Required work: Each entry is to be given again exactly; drop the images.

Records for the exercise:
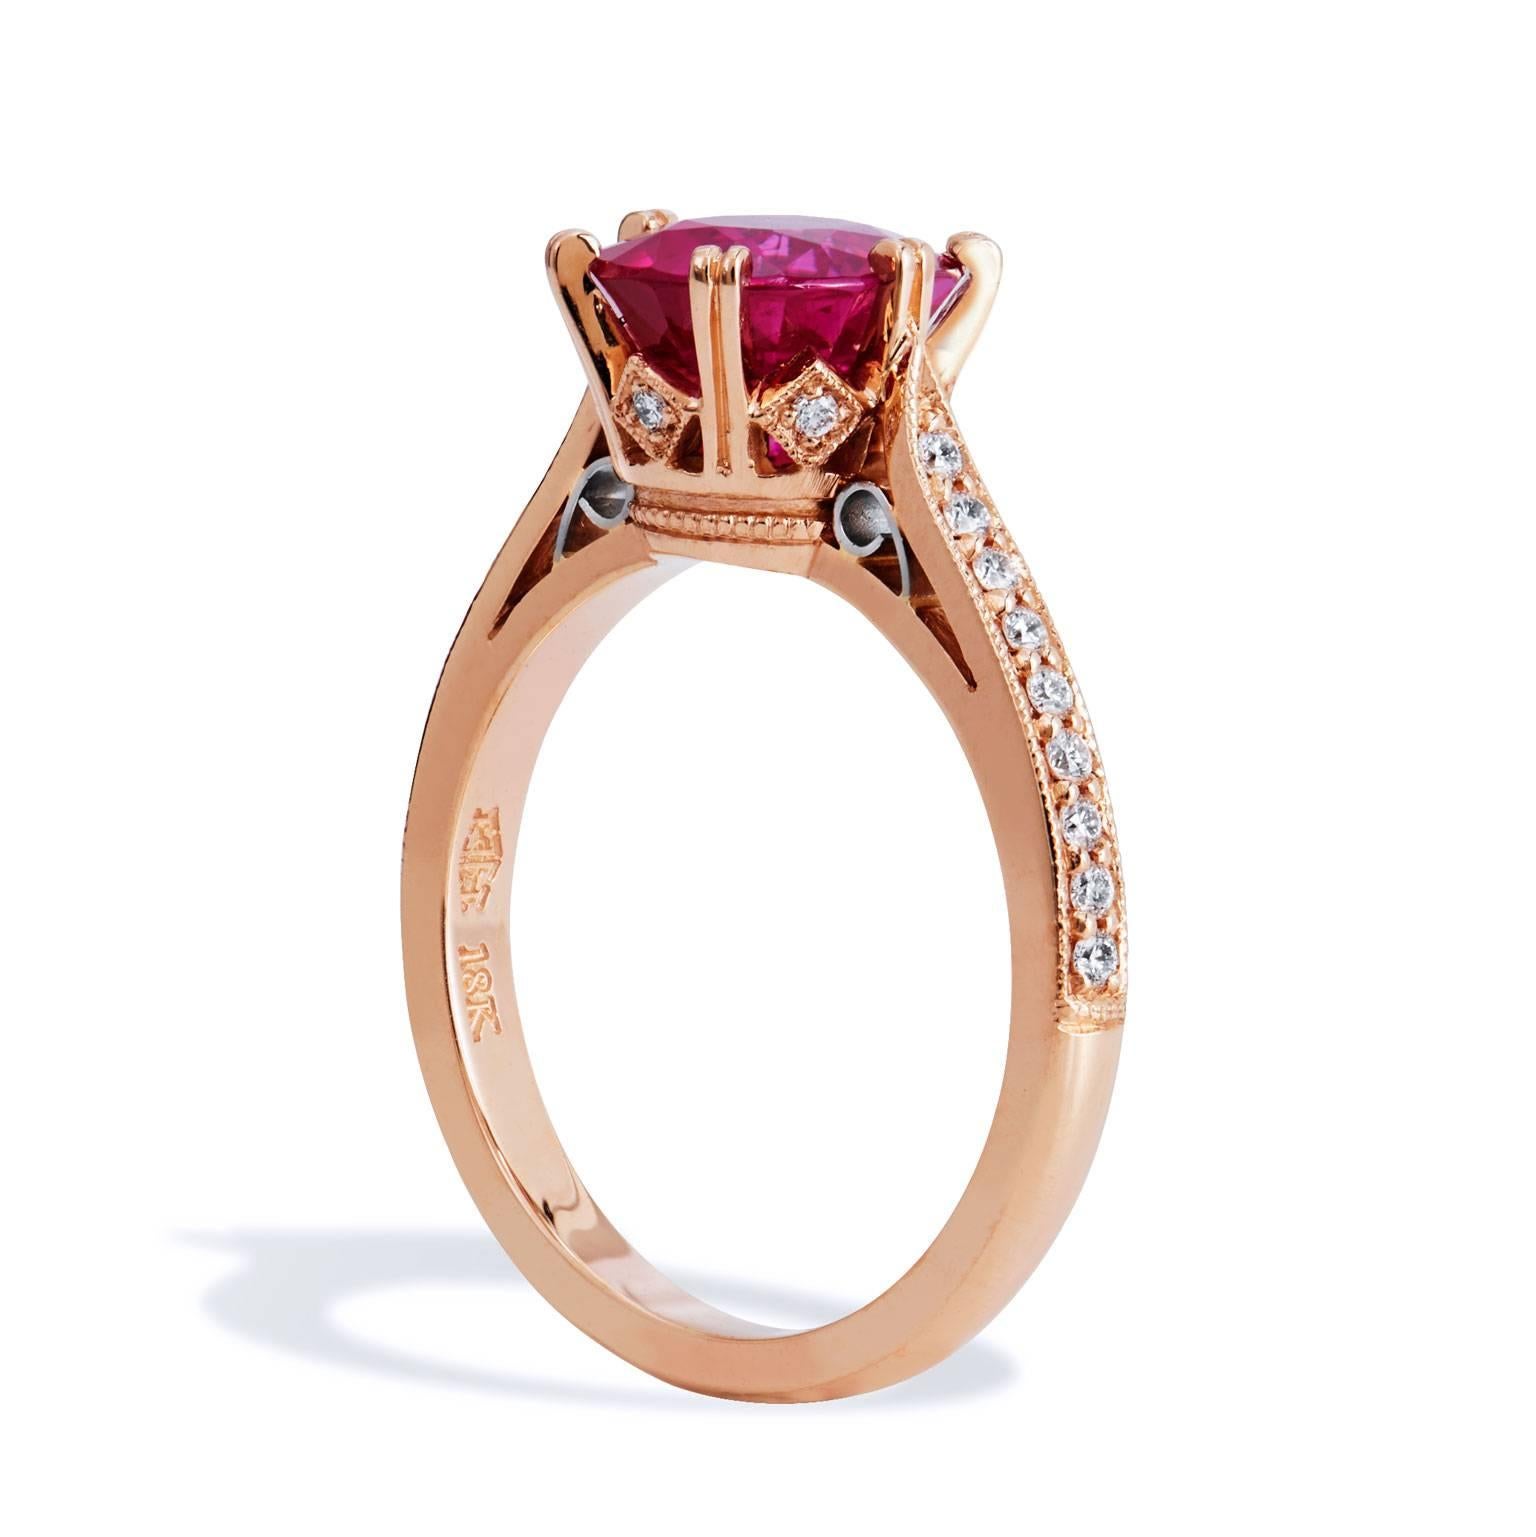 Handmade by H&H Jewels, features 18 karat rose gold as the base for this luscious vivid red Burma ruby and diamond ring. 

The prong-set center ruby is highlighted by 0.13 carat of pave set diamond (F/VS1) trailing down the shank, with an additional
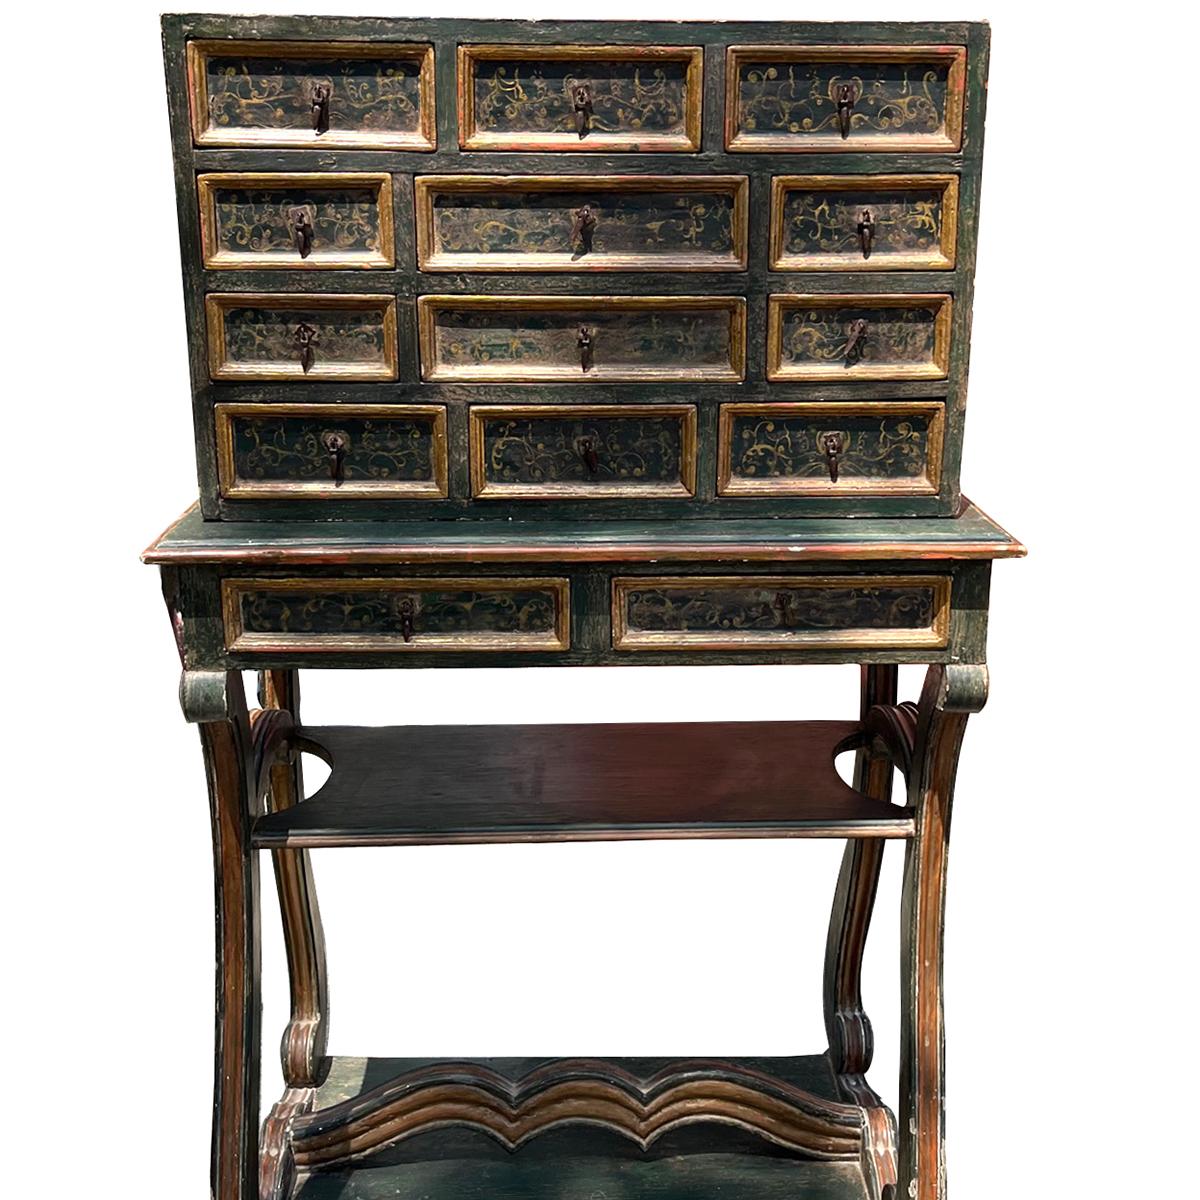 A circa 1920's Spanish painted and gilt wood cabinet with 14 drawers.

Measurements:
Height: 51.5

Output below:
 Handmade by H&H Jewels, features 18 karat rose gold as the base for this luscious vivid red Burma ruby and diamond ring. 

The prong-set center ruby is highlighted by 0.13 carat of pave set diamond (F/VS1) trailing down the shank, with an additional
 A circa 1920's Spanish painted and gilt wood cabinet with 14 drawers.

Measurements:
Height: 51.5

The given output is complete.